# Which anti pull harness



## creaky (Nov 5, 2012)

Hi
Rosie will walk and heal when she wants to but if she is excited or wants to go in a different direction to me then she pulls like mad, usually with front paws in the air.
I just wondered if anyone could recommend an anti pull harness.
I will be training her as well but a harness will help, especially when my 8 yr old daughter is walking with her.
Thanks
Angie


----------



## Hfd (Aug 19, 2011)

We tried the gencon harness but Billy didn't like having it around his nose. The Halti harness does a good job and just goes around the chest then you clip your lead on the back. Always use it when my kids are walking him so he doesn't pull too much.


----------



## tessybear (May 1, 2011)

Mine pull on their leads but never on an ordinary harness. Have you tried one of those first?


----------



## jane13 (Mar 17, 2012)

I use 'Happy at Heel' harness from Pure Dog Listener. It was recommended to me by a another Cockapoo owner. I couldnt believe the difference it made straight away. Buddy is 1 now and I have just purchased the next size harness. I ordered it on line-for £20 you get a harness, lead and dvd. It is money well spent!


----------



## Lottalove (Feb 24, 2013)

*Anti-pull harness*

Personally, I really like the Premier 'Easy Walk' harness. 

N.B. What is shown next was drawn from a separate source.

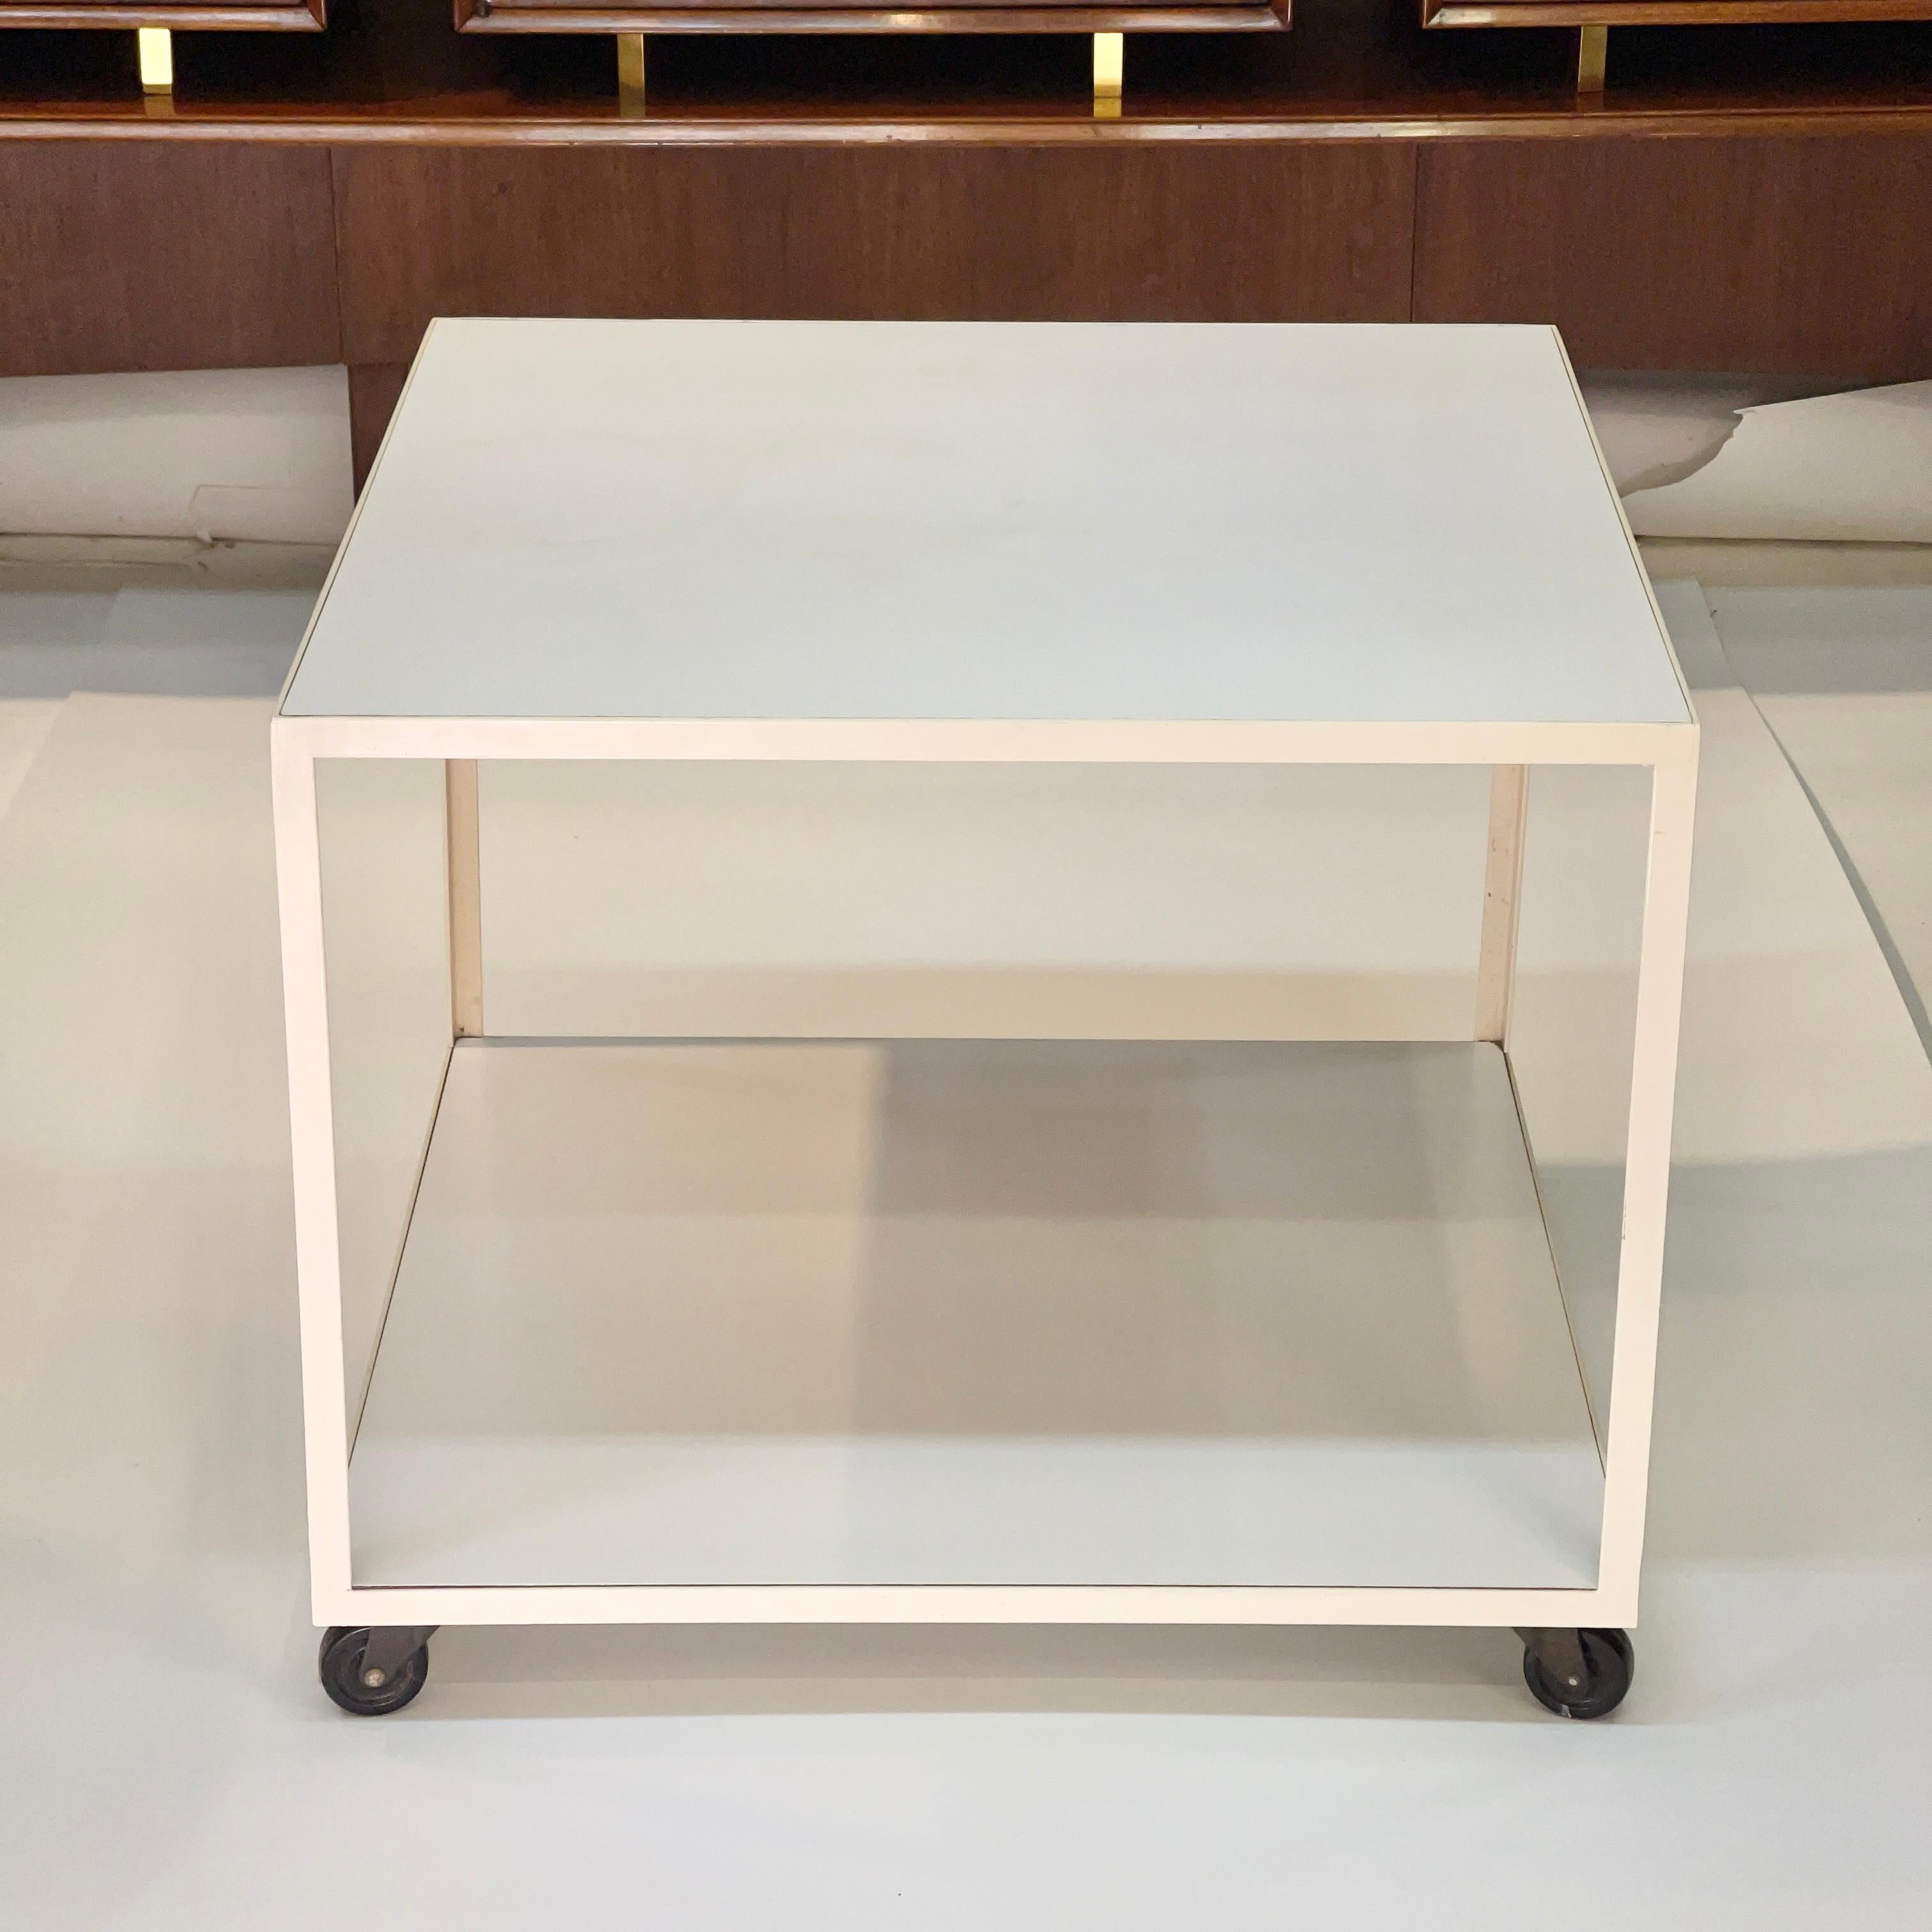 White enameled steel frame and white laminate rolling cart designed in 1951 by George Nelson for Herman Miller. Also referred to as an Angle Iron table. Original metal label present underneath top tier.
Per the George Nelson Foundation this table

I have tried the 'Happy at hee' but I am not keen that you have to thread the lead through the harness (fiddly after a muddy walk!) and also that you can only walk with your dog on the same side all the time. The 'Happy at heel' is also quite heavy and the lead very long with a heavy clasp. 

The 'Easy Walk' is lighter in weight, you can walk either side of your dog and IT WORKS! Lotta walks beautifully on the 'Easy Walk'. We had the small size when she was a puppy and have just bought the small/medium size which is a perfect fit for her. It does need to fit well as it needs to be quite snug and tight to work. Walking is now a pleasure again.


----------